Bullying and Substances are Stealing Lives

I was recently contemplating about the endlessly growing number of people around the world who terminate their lives before their talents and gifts flourish into the arms of humanity.  I’ve always been told I can be a bit emotional at times since I truly wear my heart upon my sleeves.  But hey… that’s just me.  What can I say?  We all have our weaknesses but I’ve learned to treat my weakness as something beautiful.  My softness and sorrow toward others who need help gives me this sort of fulfillment which only my writing has had an ability to do.  It’s freeing.  And if I can share a story, tale or experience of my own to help shape or shift someone else’s journey, then I’m all in; 110 percent.

When I was young, I was severely bullied.  If you asked me why, I really couldn’t tell you... other than kids can be cruel and if they don’t understand you or are jealous of your talents, they have no other means of showing their envy then by the use of bullying.  I was tall, very thin, had clunky braces and glasses before contacts and more modern means of straightening your teeth were available.  I worked hard and always received straight A’s on my report cards.  My love for academics helped me to graduate in the top 10 of my class; among 360 other students. 

And still; I was the subject of harassment and endless torture throughout my elementary and junior high school years.  My passion for the written word, science and history equated to an eternity of pain and suffering.  Back then, those seven hours of school felt like an infiniteness of dodging hurtful whispers, loathsome mockeries, and unwanted confrontations. 

I remember being in 8th grade and being segregated from a table where I had some friends who had split lunches with their choir practice.  When they would leave for Chorus (this is what the class was referred to as), I was left there, utterly alone, only to be mocked, made fun of and had things thrown at me.  Is she serious you ask?  I wish I wasn’t.  Many of my days were just scenes out of that Patrick Dempsey movie,Can’t Buy Me Love, or even Diary of a Wimpy Kid and Mean Girls.  But these girls were much crueler toward me.  I eventually joined the choir, although my voice sounded more Phoebe when she would sing about “Smelly Cat” on the hit television show, Friends.  I ran away instead of confronting them because I had no one to back me up.  My friends at the time were too scared to be shunned as well. 

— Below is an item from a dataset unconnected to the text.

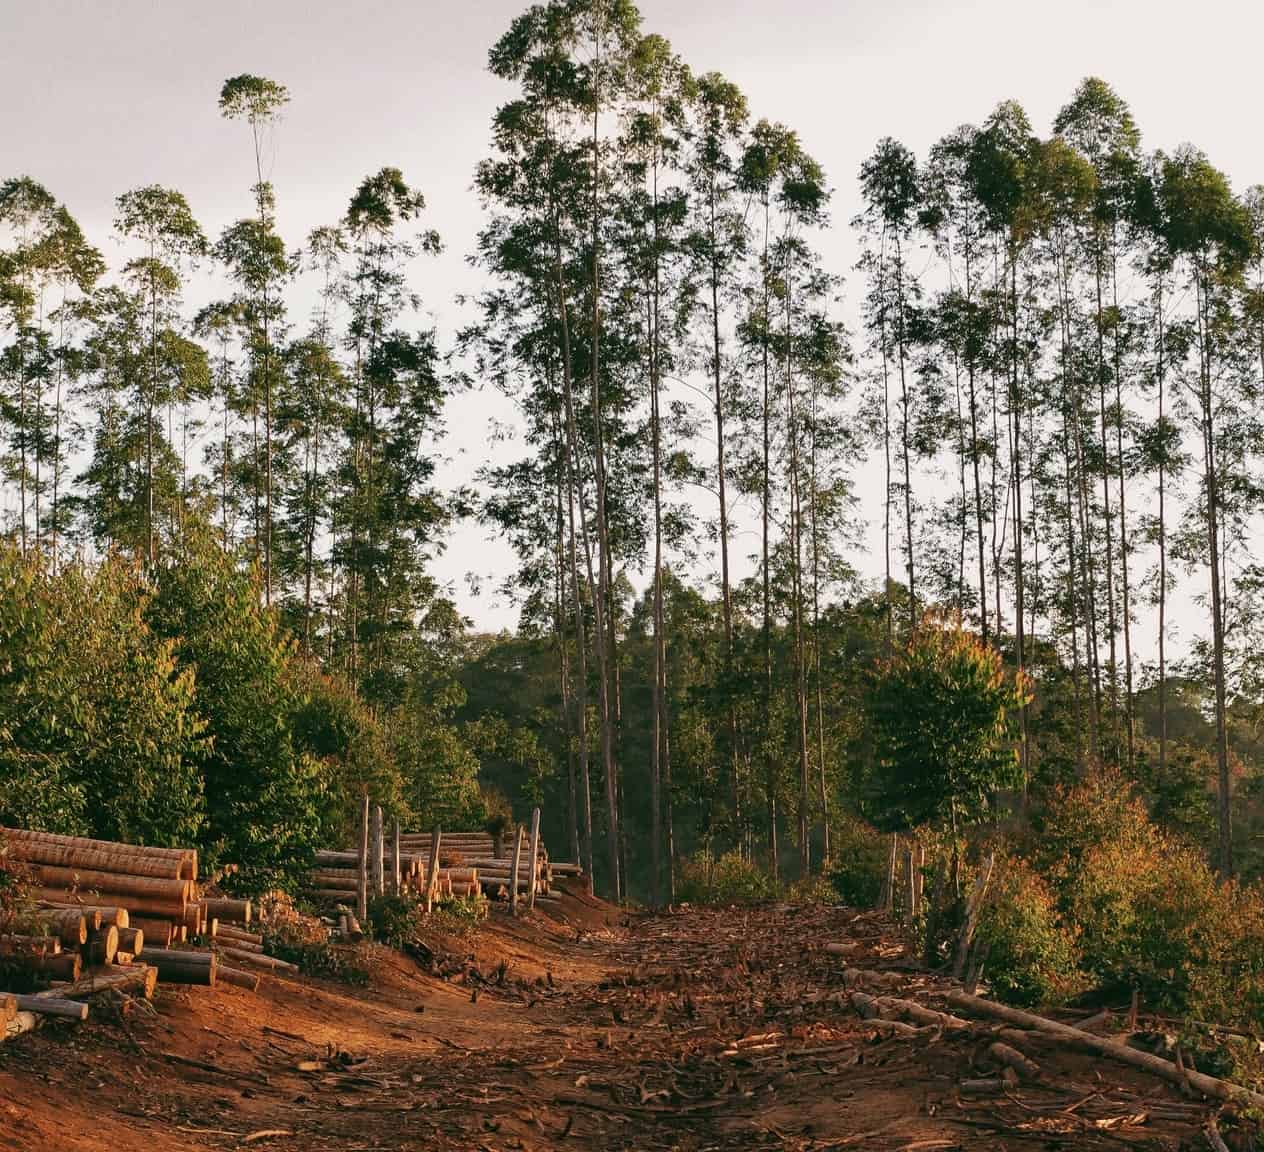 Reforestation funding

It was only until Mr. Finallo's History class, where I was assigned to sit next to a girl, (we will call her Savior) who hated me for no apparent reason my freshman year of high school.  I believe her inconceivable hatred toward me was over a strikingly handsome, young boy who lived next door to my house.  He looked like Christian Slater so you could see how one would be jealous of another girl's kinship with such a gorgeous fellow.  One of her friends adored him which afforded her the desire to make my life a living hell. 


This boy would walk me home from school every day which made the girls cringe at my high school.  But after I was designated a seat next to this girl for the entire year, we had no choice but to work together on group projects.  It took less than a week for us to become good friends.  Can you believe it?  She was very popular and since she befriended me, I then, became part of the “in-crowd.” 
My next four years of school would be pretty much smooth sailing and no one ever really bothered me again.  I still struggled with some girls who just couldn’t understand why teachers gravitated toward me.  To tell you the truth; either did I… other than I was an over-achiever who really enjoyed excelling to further the future of my education.  My parents were less than middle class so I knew I had to do well to be awarded some, if not all, scholarships and grants for college.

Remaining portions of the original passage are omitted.